:: What the exercise asks ::
Look through the data below and output, unchanged, every line from the one holding "Azerbaijan Arm wrestling Federation" through the one holding "Handmade Clock Earrings - zuzumia", inclusive. Skip the pictures.

:: Data provided ::

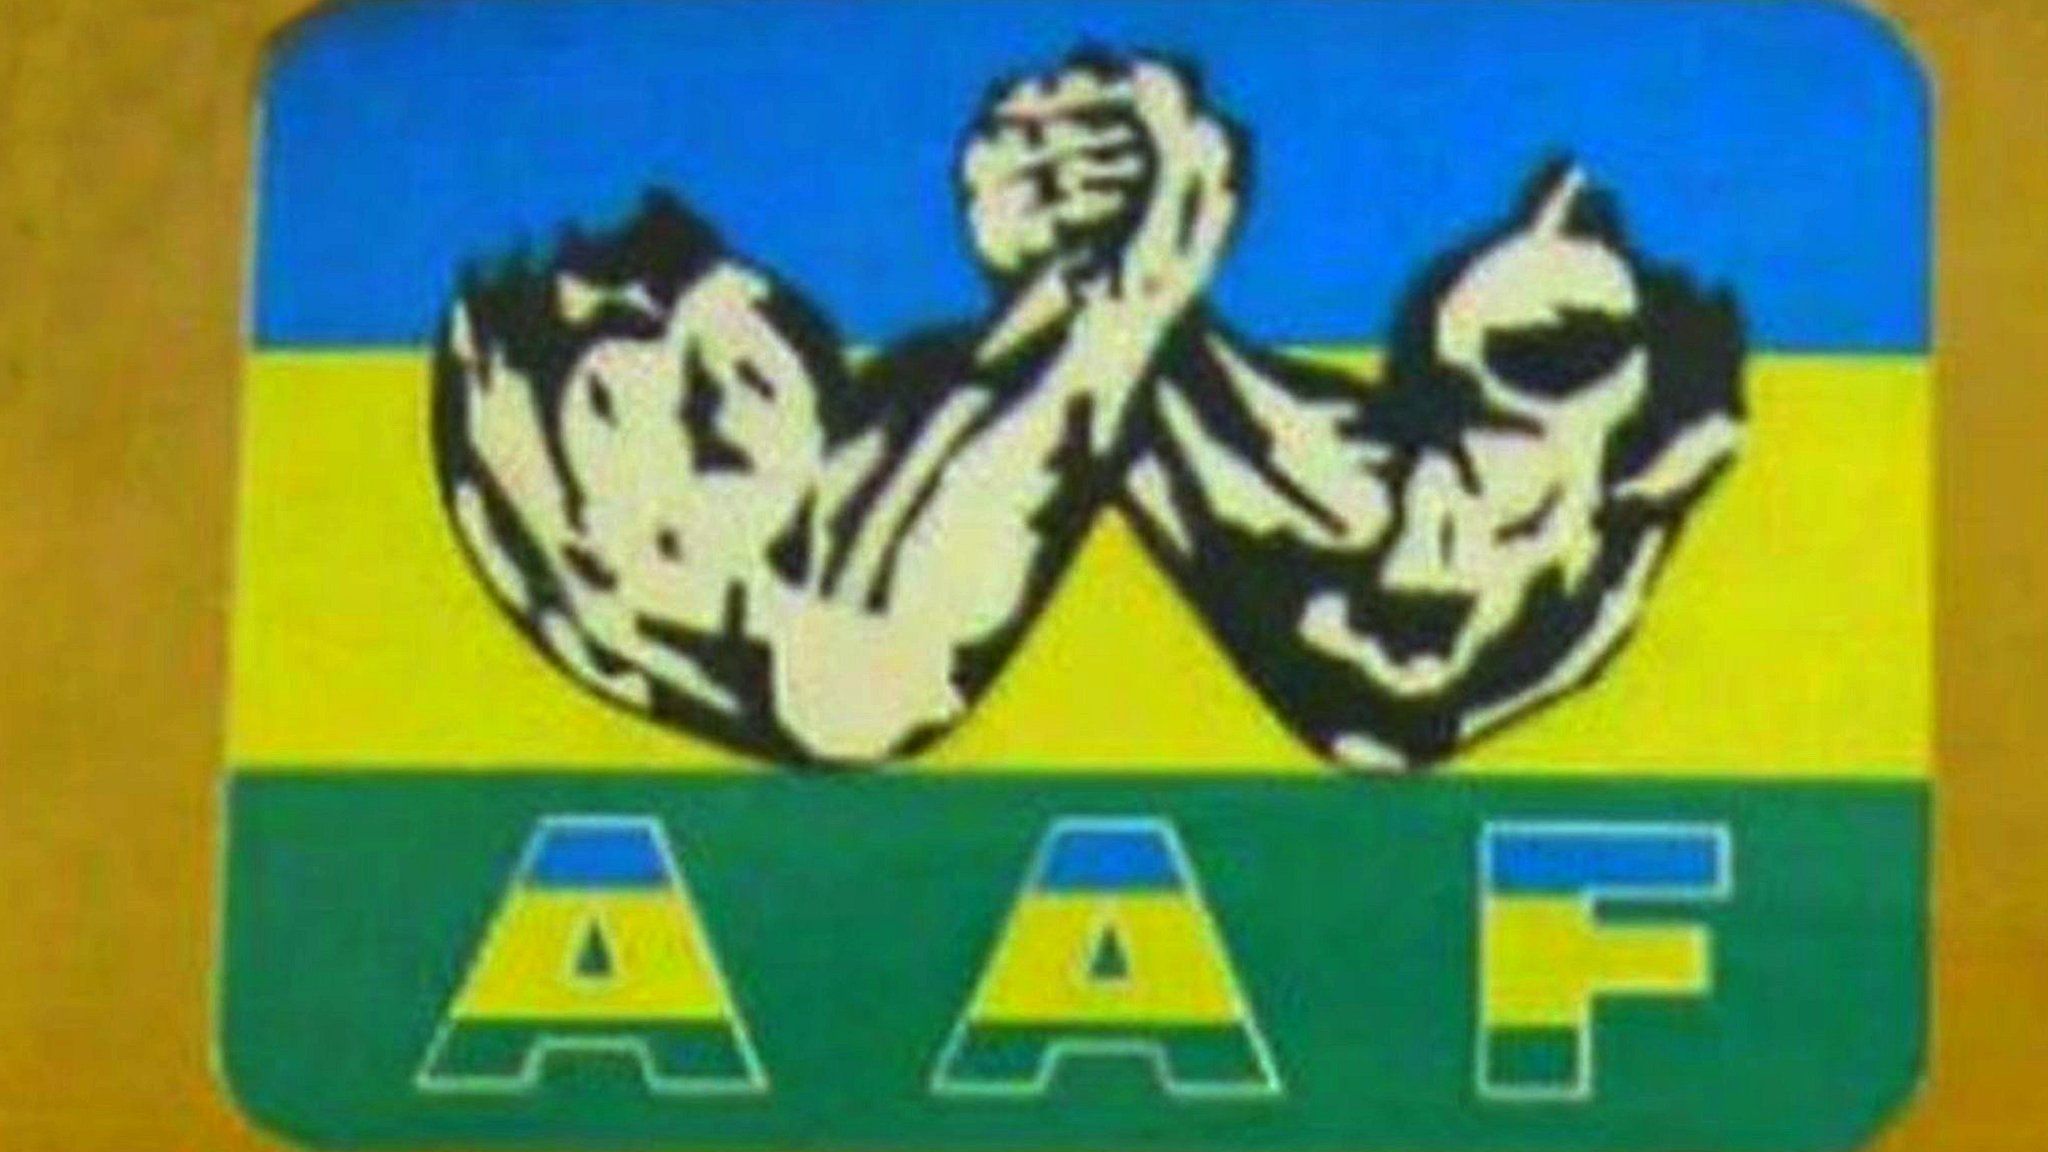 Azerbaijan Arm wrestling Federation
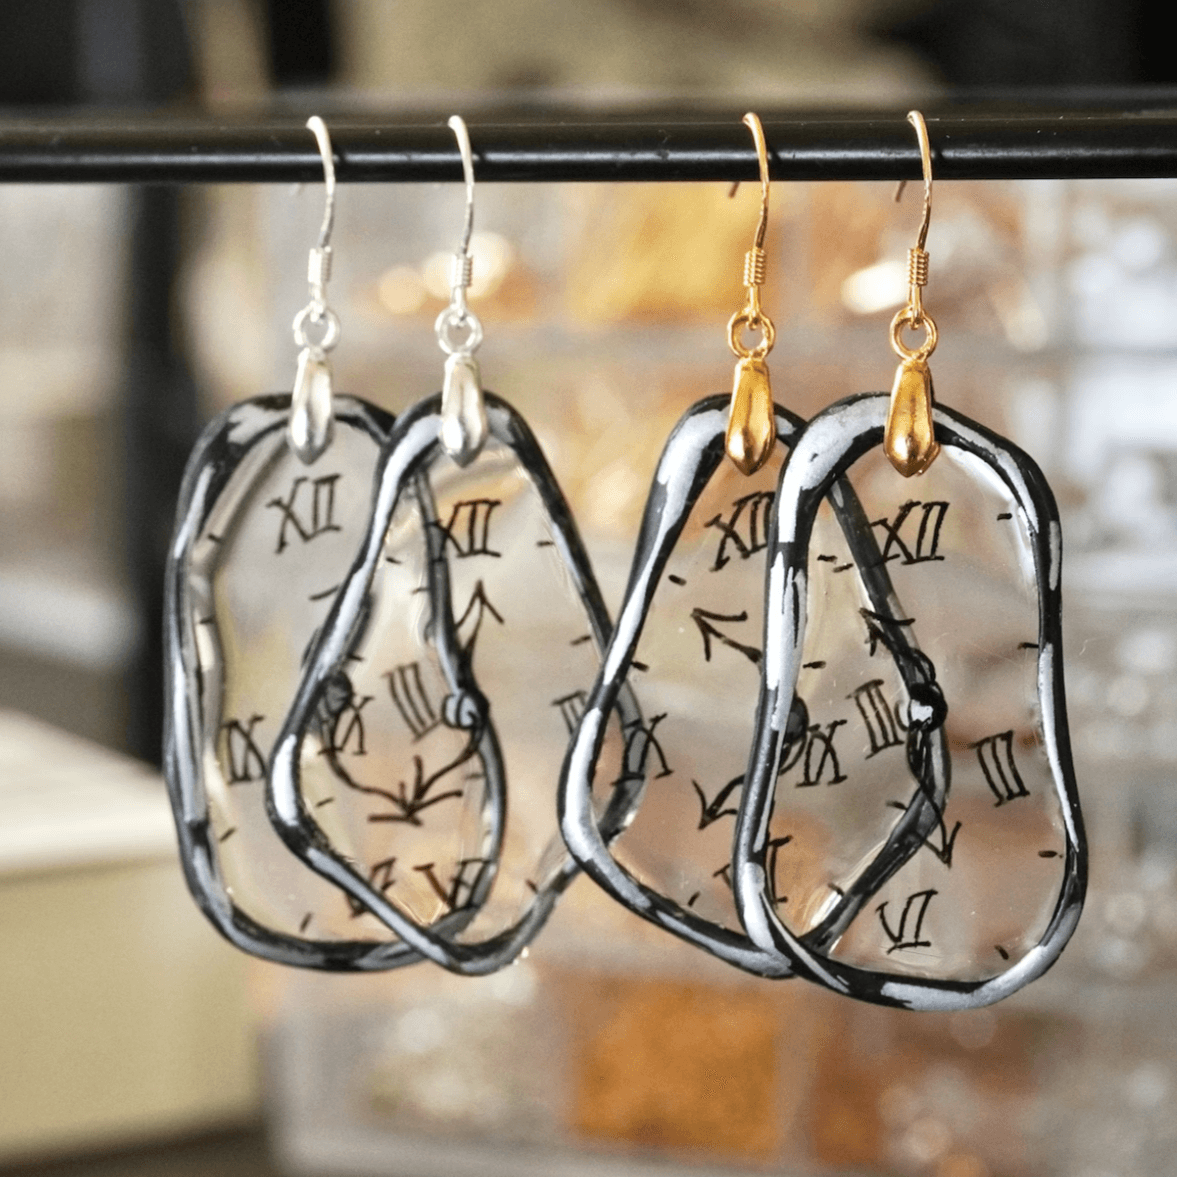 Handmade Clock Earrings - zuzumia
---
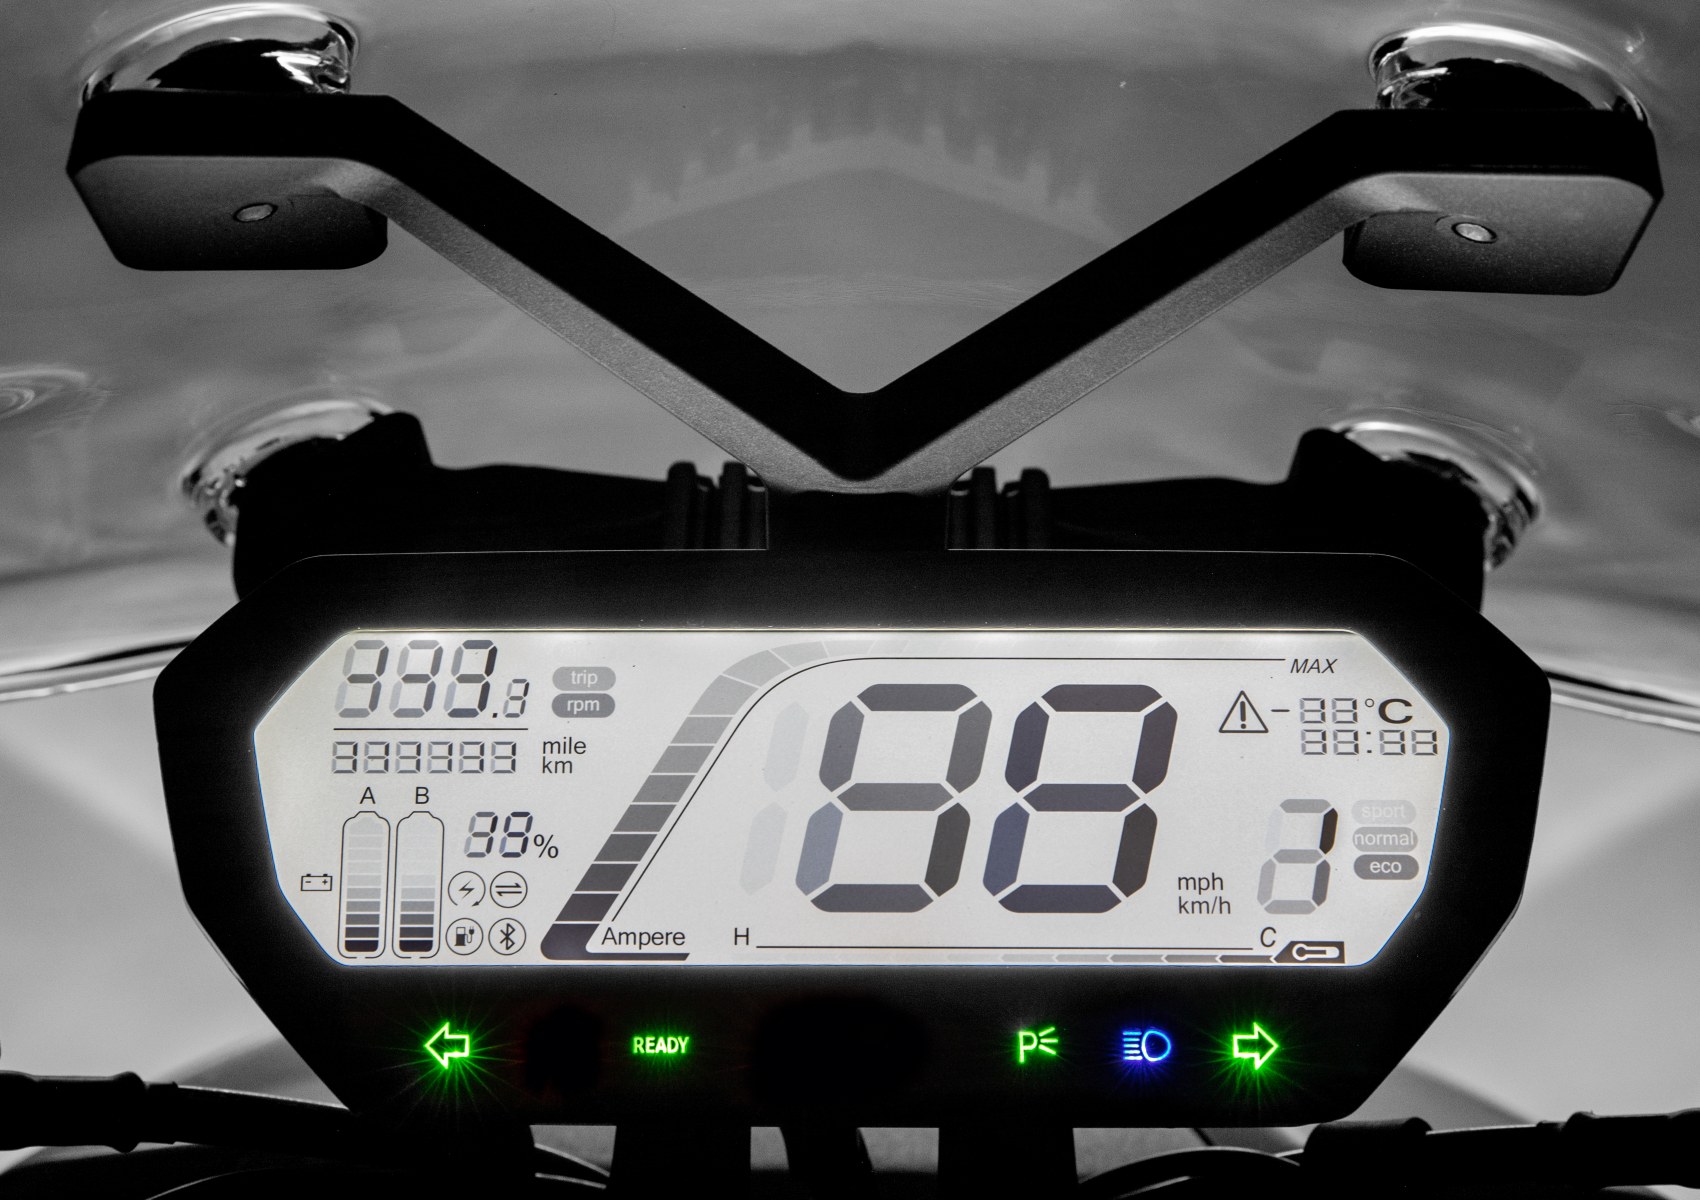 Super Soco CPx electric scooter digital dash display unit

:: Solution for this problem ::
 Azerbaijan Arm wrestling Federation
 Handmade Clock Earrings - zuzumia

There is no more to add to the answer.